Start of AVAILABLE RECORDS

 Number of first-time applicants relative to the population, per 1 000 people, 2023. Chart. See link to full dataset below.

End of AVAILABLE RECORDS
Start of AVAILABLE RECORDS

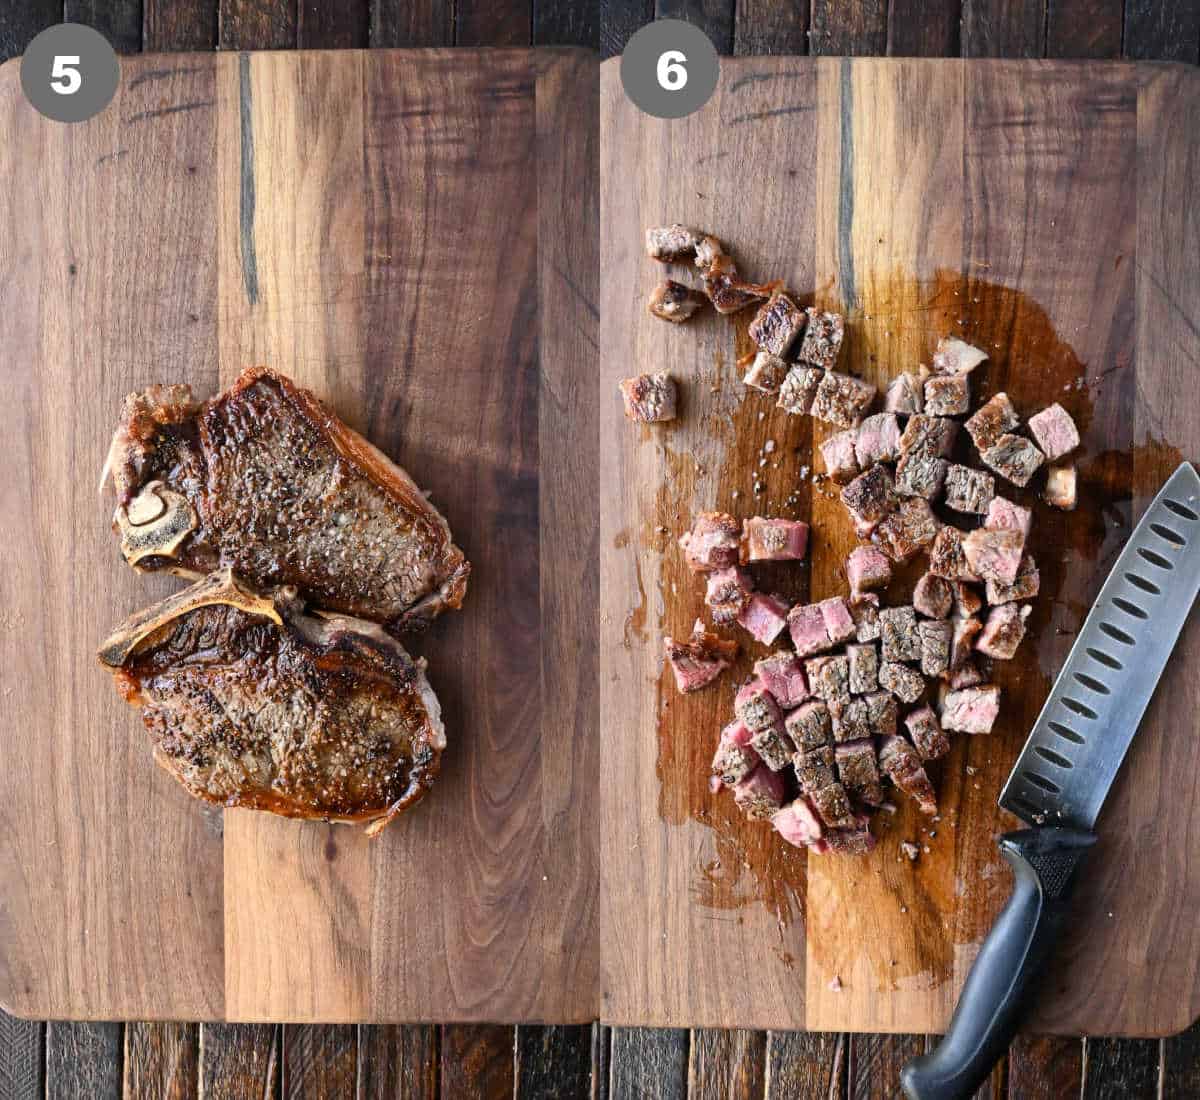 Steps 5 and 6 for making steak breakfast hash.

End of AVAILABLE RECORDS
Start of AVAILABLE RECORDS

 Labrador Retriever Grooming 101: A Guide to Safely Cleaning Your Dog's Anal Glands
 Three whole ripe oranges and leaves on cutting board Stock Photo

End of AVAILABLE RECORDS

■ **EXERCISE REQUIREMENTS**
Would you copy, unchanged, the stretch of the records above that begins at the line containing "Labrador Retriever Grooming" and ends at the line containing "Three whole ripe", and only that?

■ **SOLUTION FOR THIS PROBLEM**
 Labrador Retriever Grooming 101: A Guide to Safely Cleaning Your Dog's Anal Glands
 Three whole ripe oranges and leaves on cutting board Stock Photo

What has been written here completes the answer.